- Work required: After locating the line that contains "Auflage: 23 von 40", transcribe exactly that line and each one after it until the data ends, skipping pictures.

========================================================================

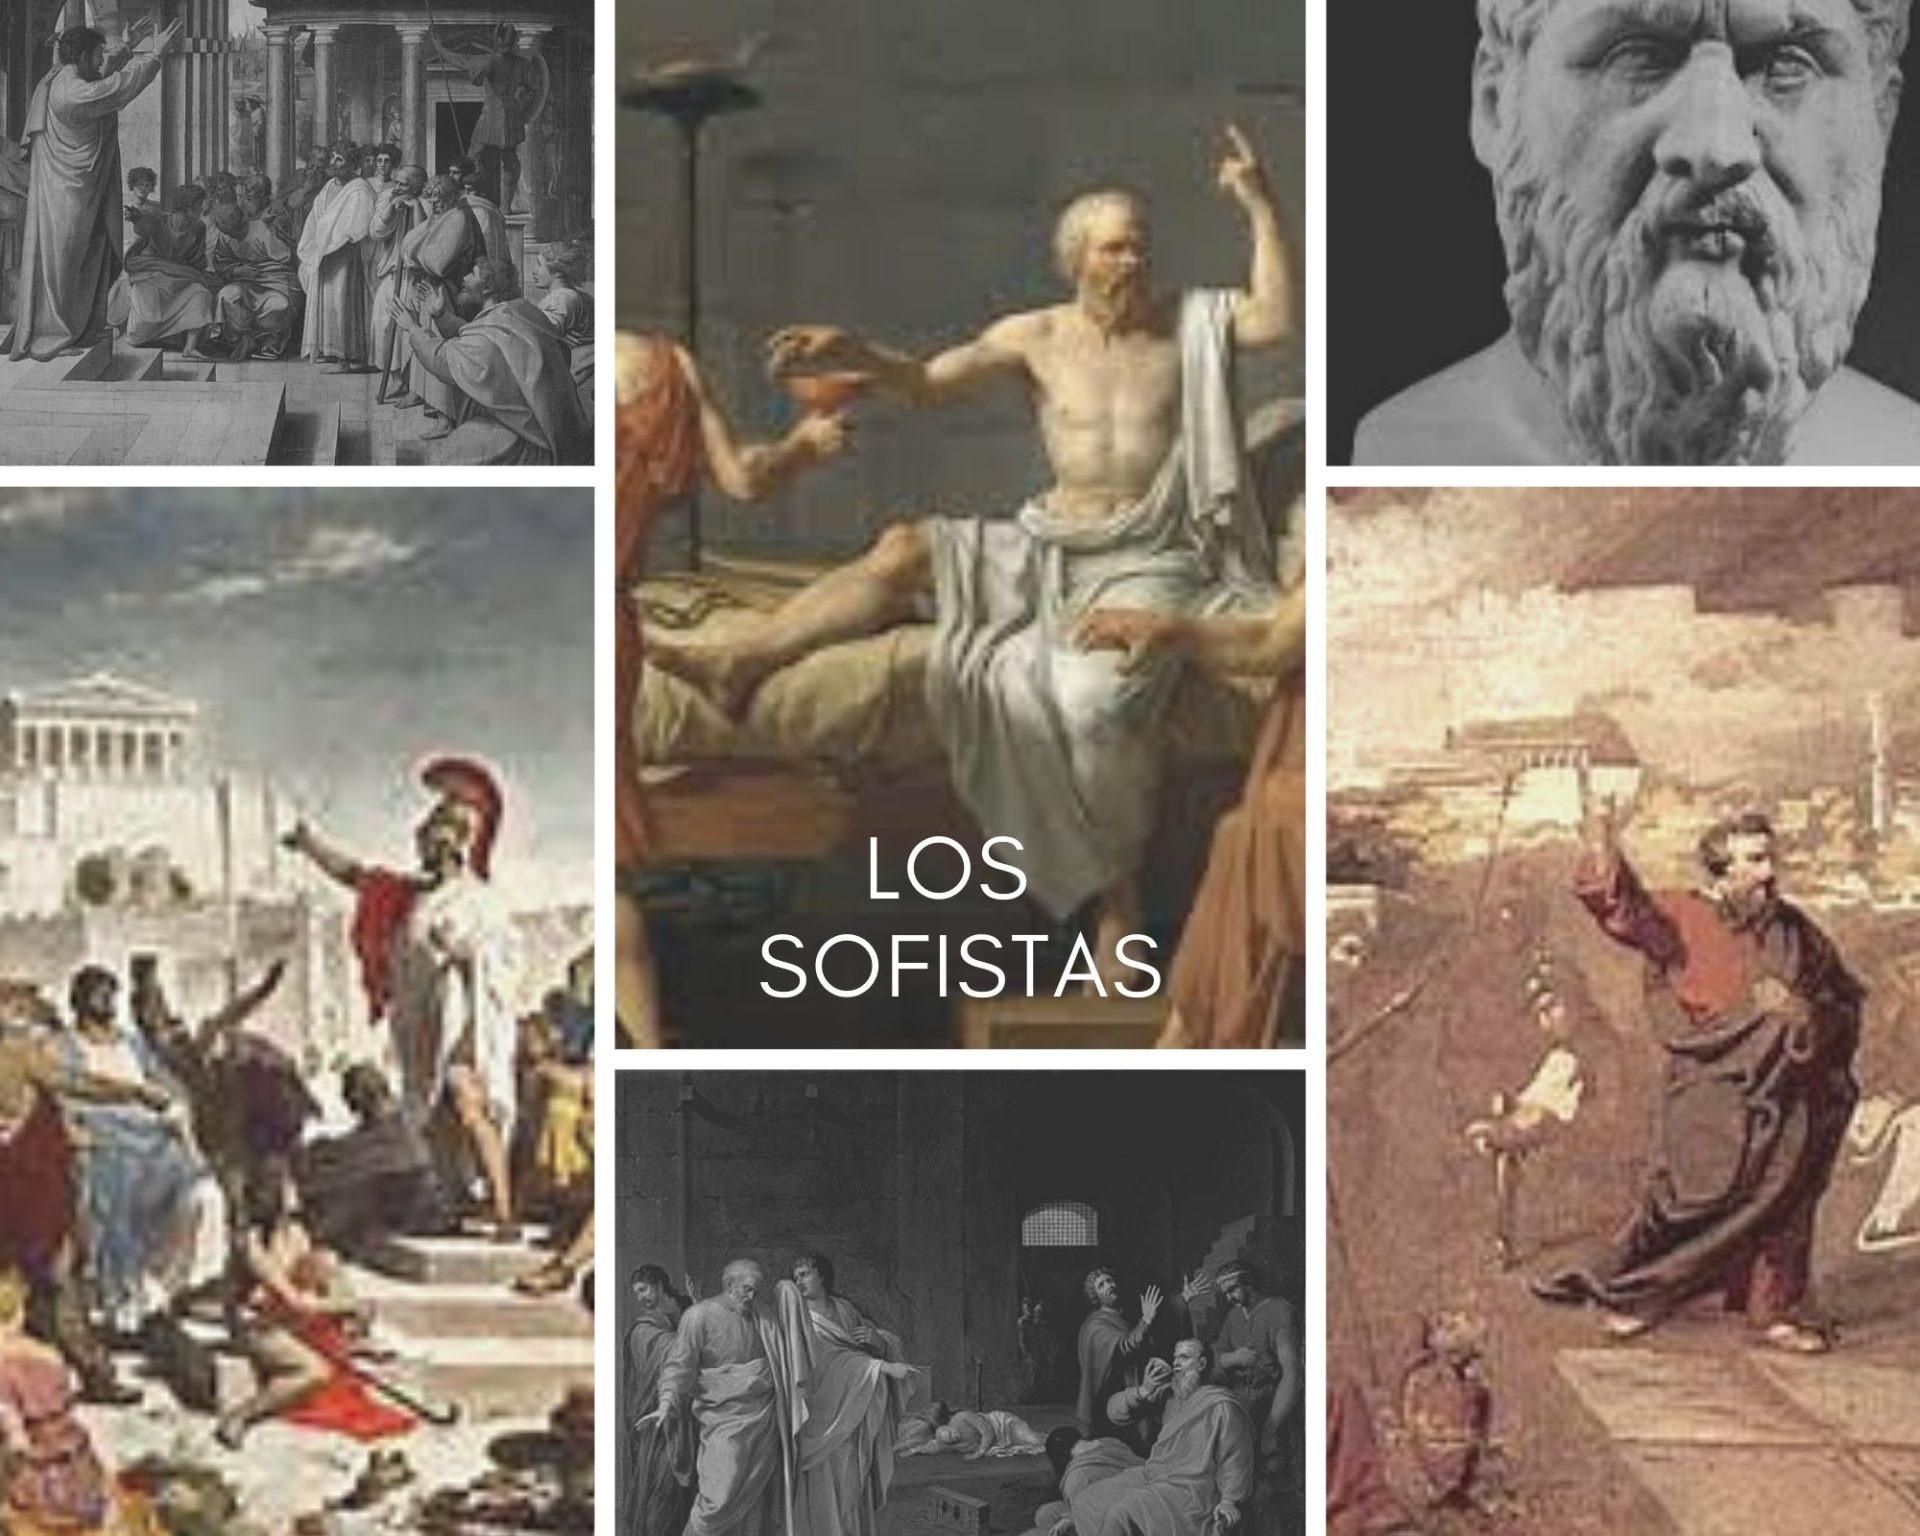 Los sofistas historia filosofía griega
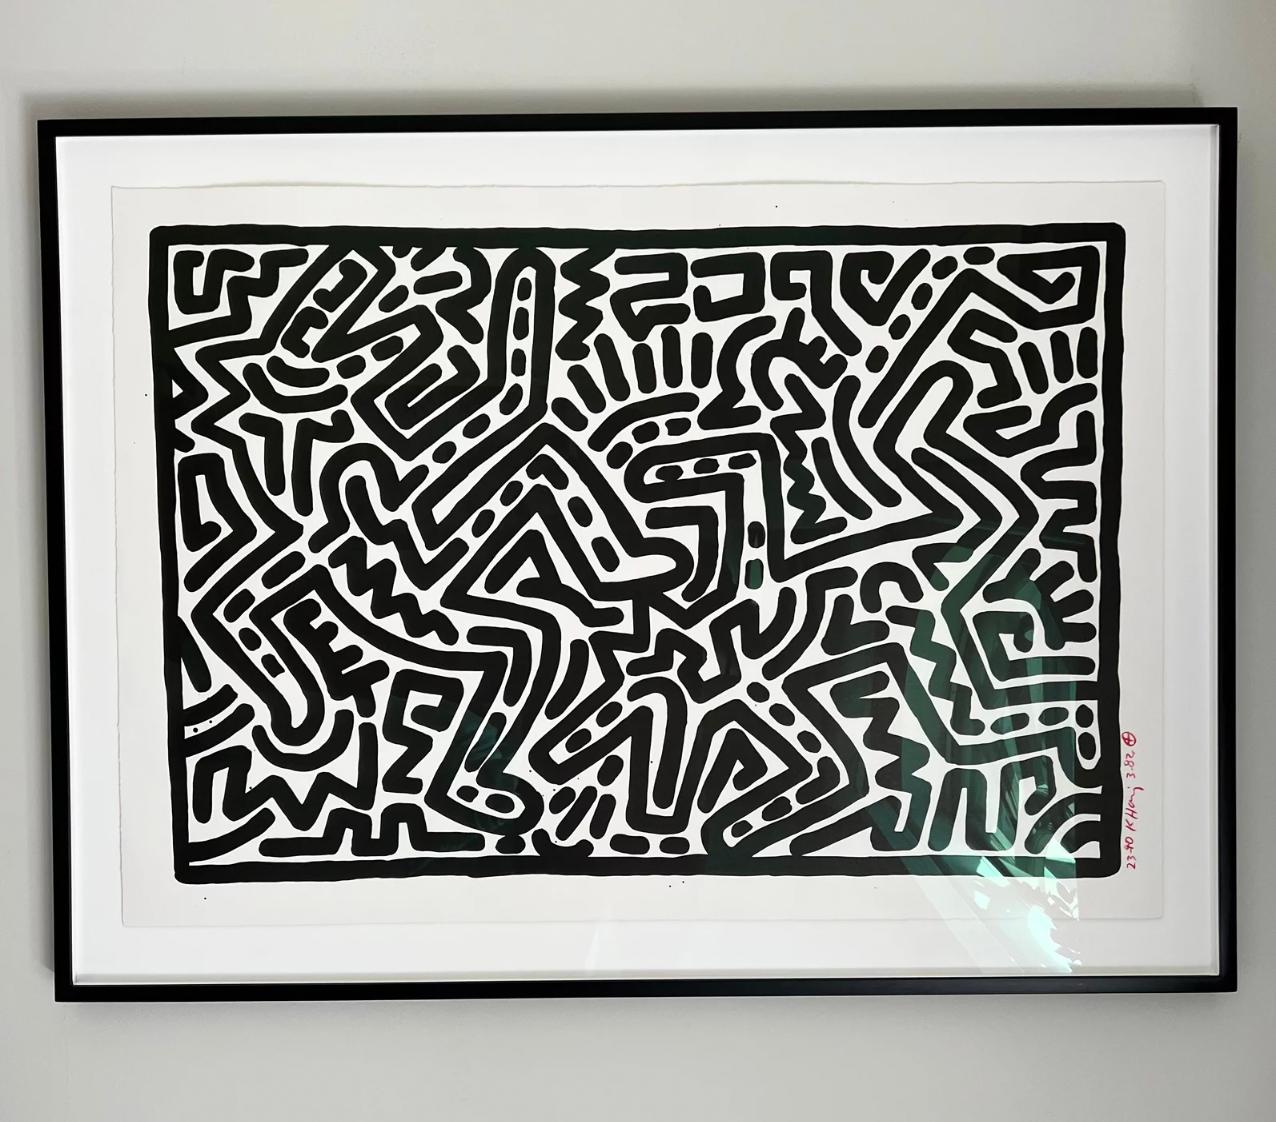 Künstler: Keith Haring 
Titel: Unbetitelt (Tafel 1)
Größe:  24 x 36 in. (61 x 91.4 cm)
Medium: Lithographie auf Arches-Papier
Auflage: 23 von 40
Jahr: 1982
Anmerkungen: Aus einer Folge von sechs Drucken. Signiert, datiert und nummeriert am rechten
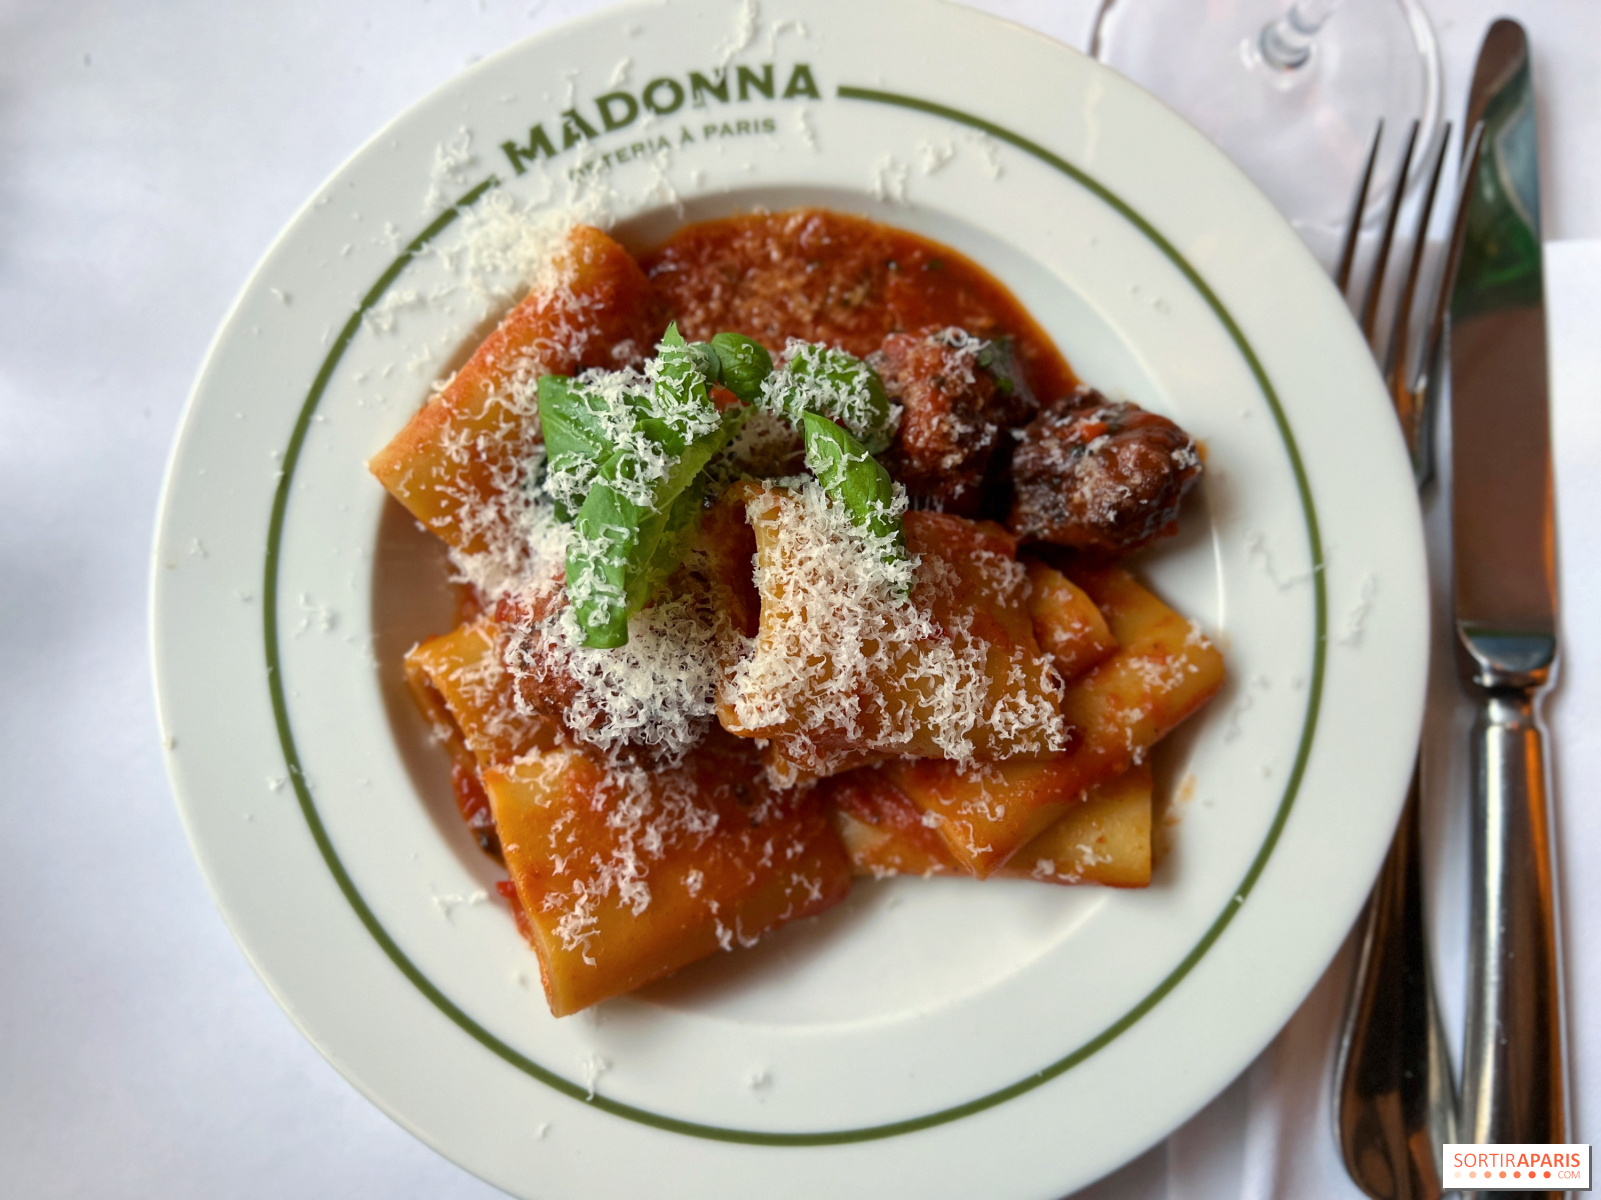 Madonna, brasserie italienne conviviale et ses plats de pasta réconfortants
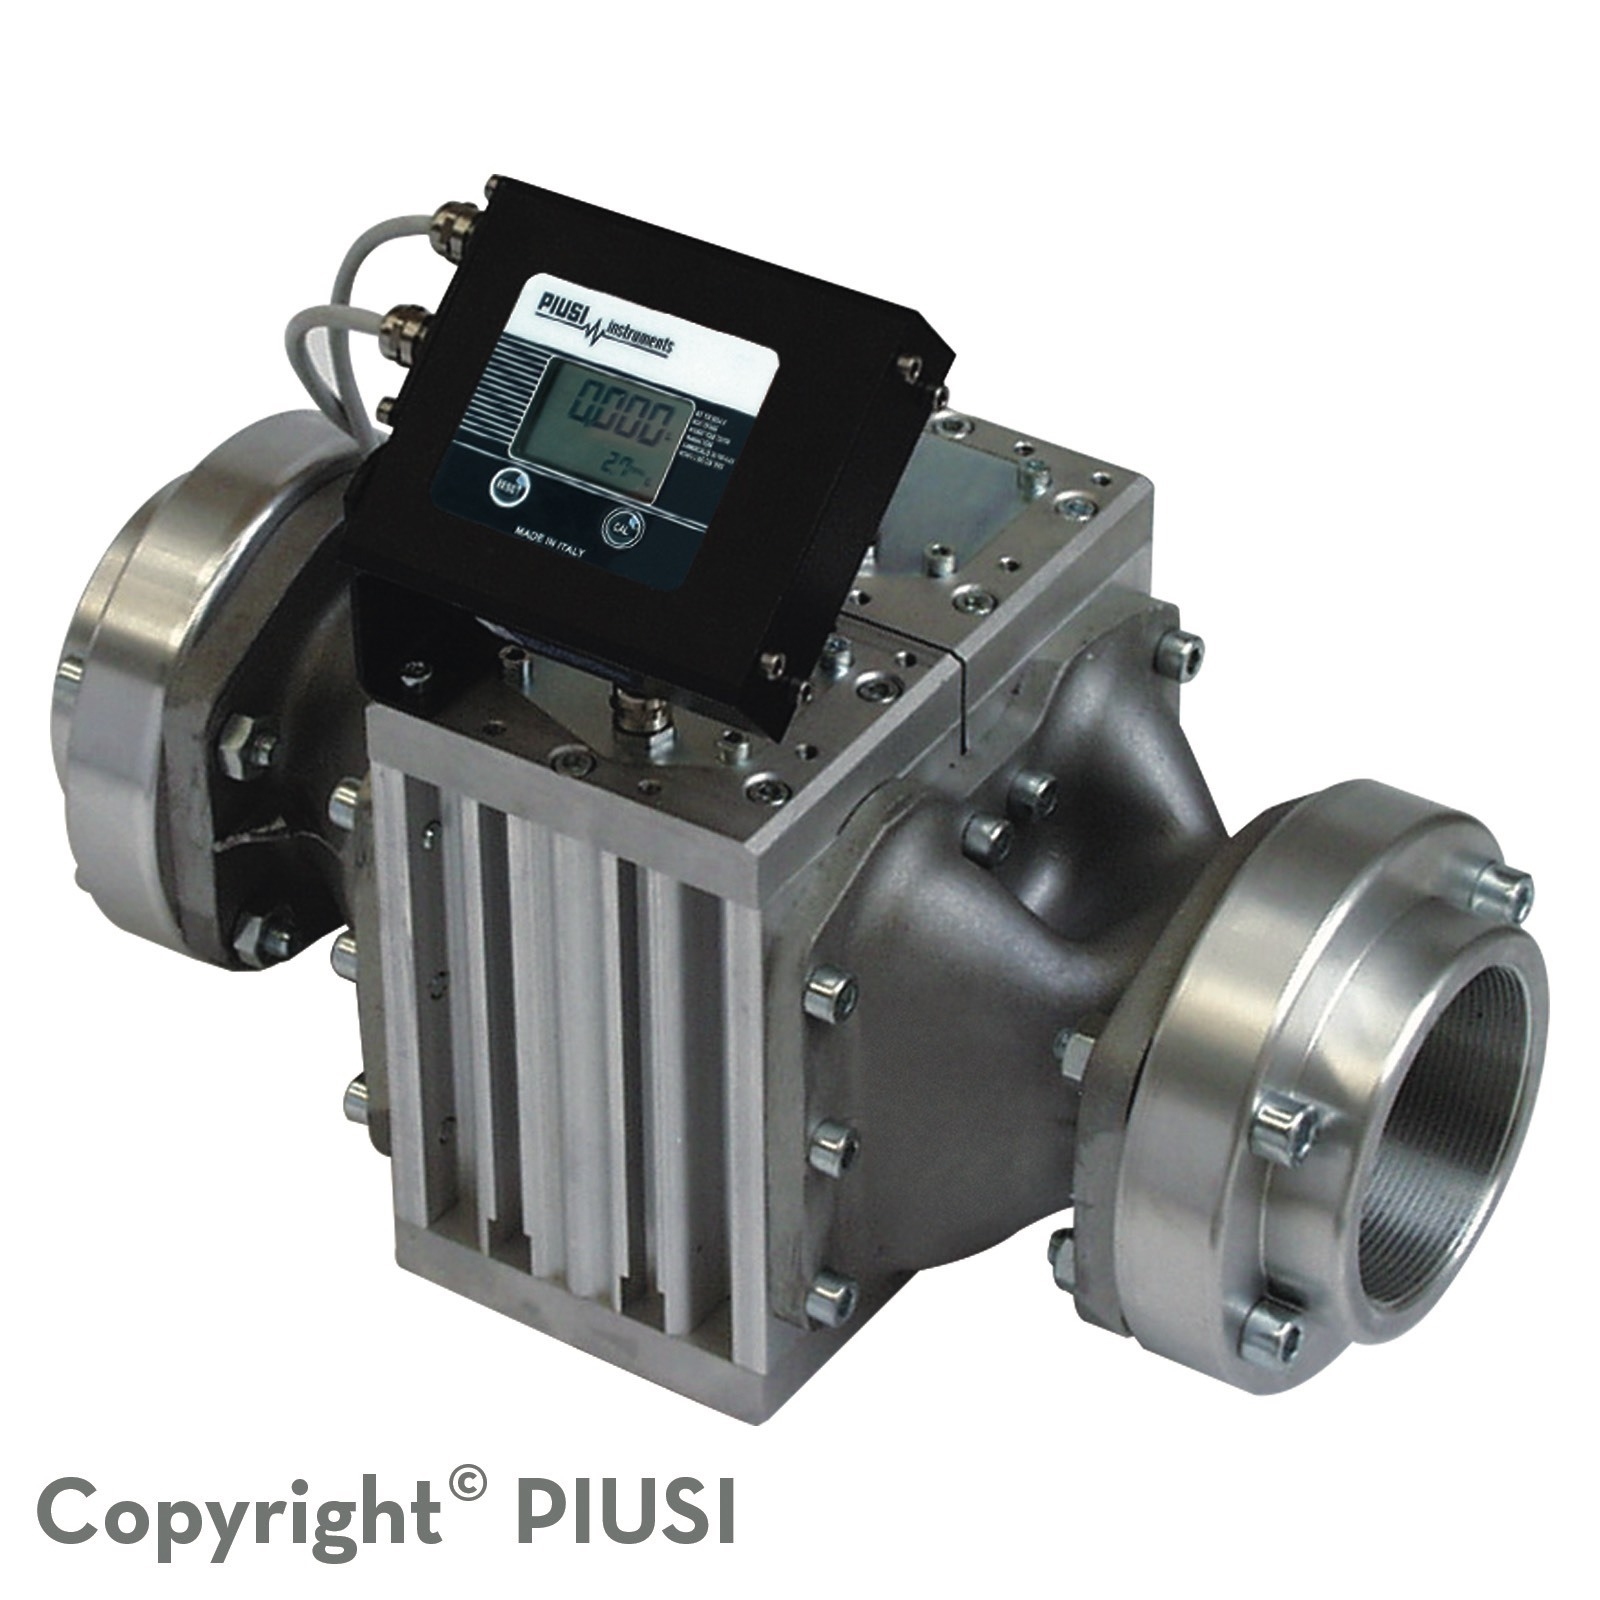 Đồng hồ đo lưu lượng dầu Piusi K900

========================================================================

- Written reply:
Auflage: 23 von 40
Jahr: 1982
Anmerkungen: Aus einer Folge von sechs Drucken. Signiert, datiert und nummeriert am rechten
 Madonna, brasserie italienne conviviale et ses plats de pasta réconfortants
 Đồng hồ đo lưu lượng dầu Piusi K900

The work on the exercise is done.